Search the listing below for the line containing "幻の和牛「土佐あかうし」とキャビアを使った究極の冷やしそうめん". From there through the line containing "大阪・東三国のステーキ専門店が7月19日提供開始", transcribe every line exactly, both ends included.

§ RECORDED DATA:
╔══
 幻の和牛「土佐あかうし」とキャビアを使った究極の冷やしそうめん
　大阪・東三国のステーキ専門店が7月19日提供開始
╚══
╔══
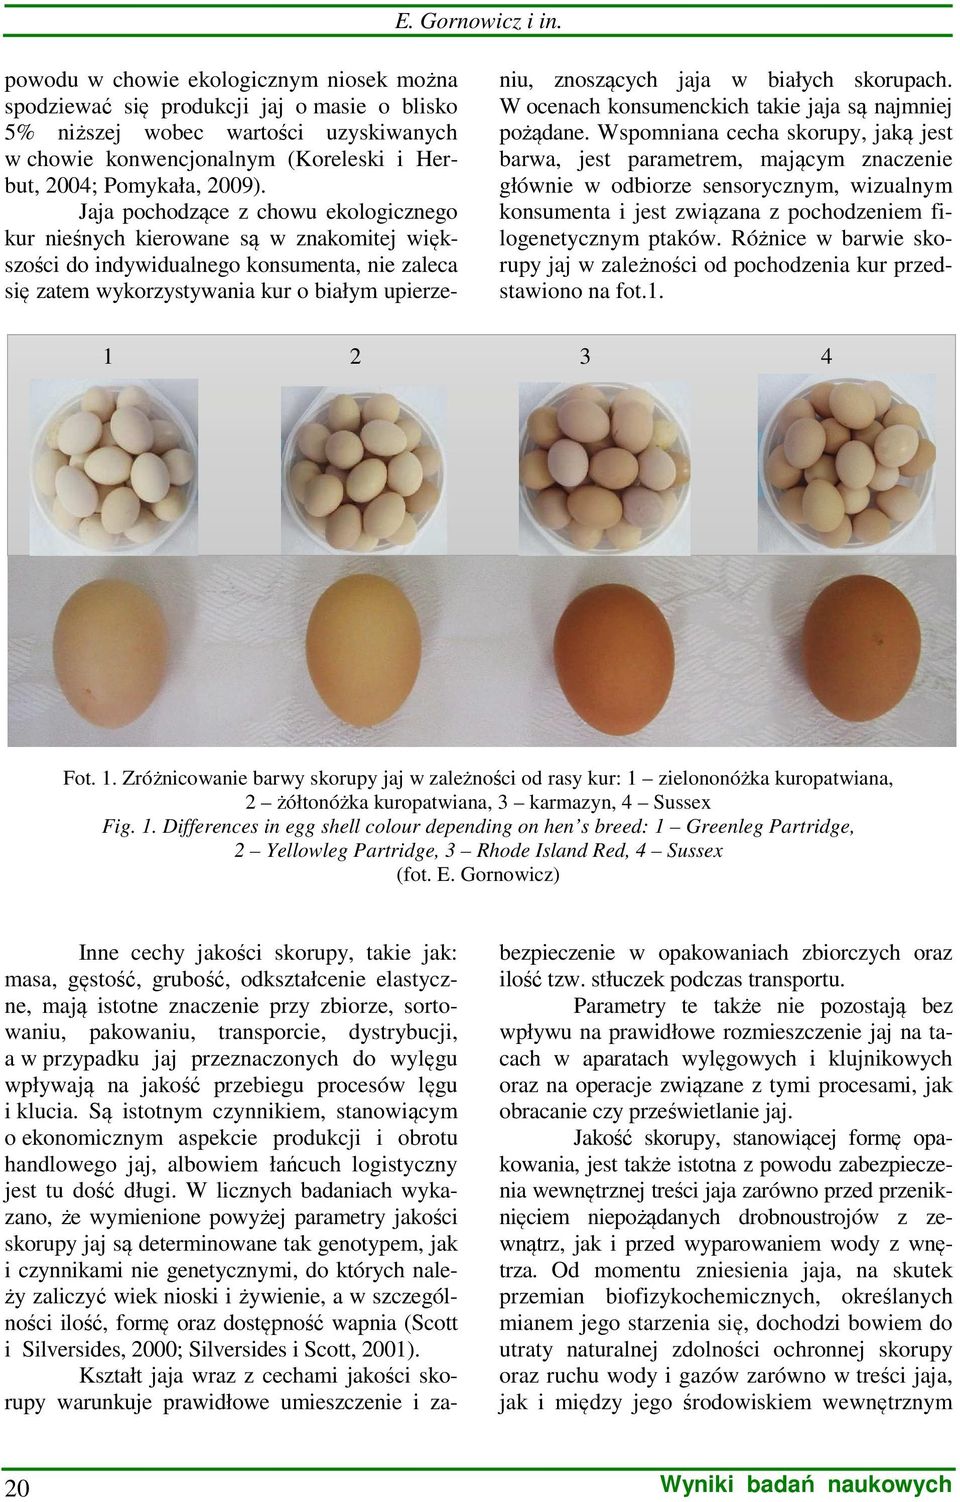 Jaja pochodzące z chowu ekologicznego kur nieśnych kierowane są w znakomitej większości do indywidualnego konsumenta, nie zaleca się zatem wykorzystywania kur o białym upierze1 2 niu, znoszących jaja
╚══
╔══
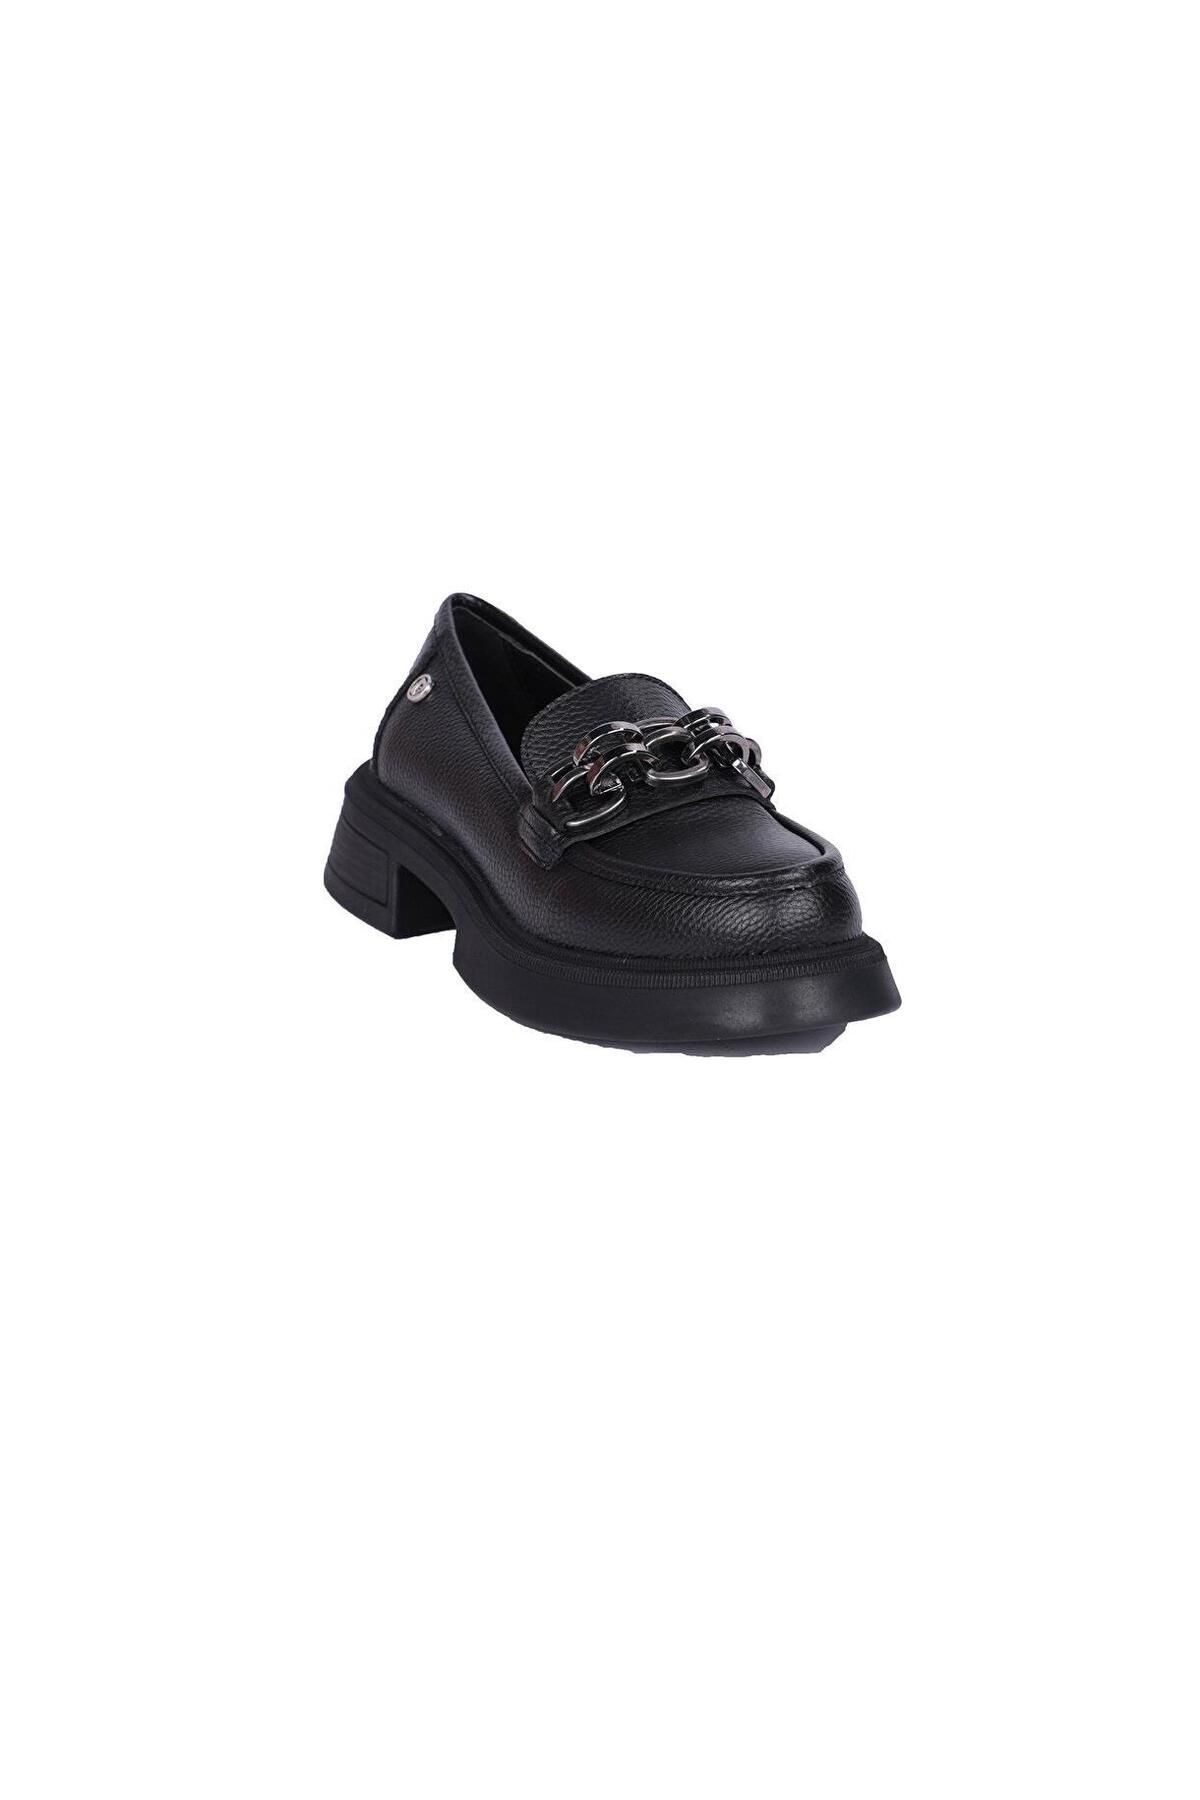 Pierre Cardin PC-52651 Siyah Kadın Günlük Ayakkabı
╚══
§ WRITTEN RESPONSE:
 幻の和牛「土佐あかうし」とキャビアを使った究極の冷やしそうめん
　大阪・東三国のステーキ専門店が7月19日提供開始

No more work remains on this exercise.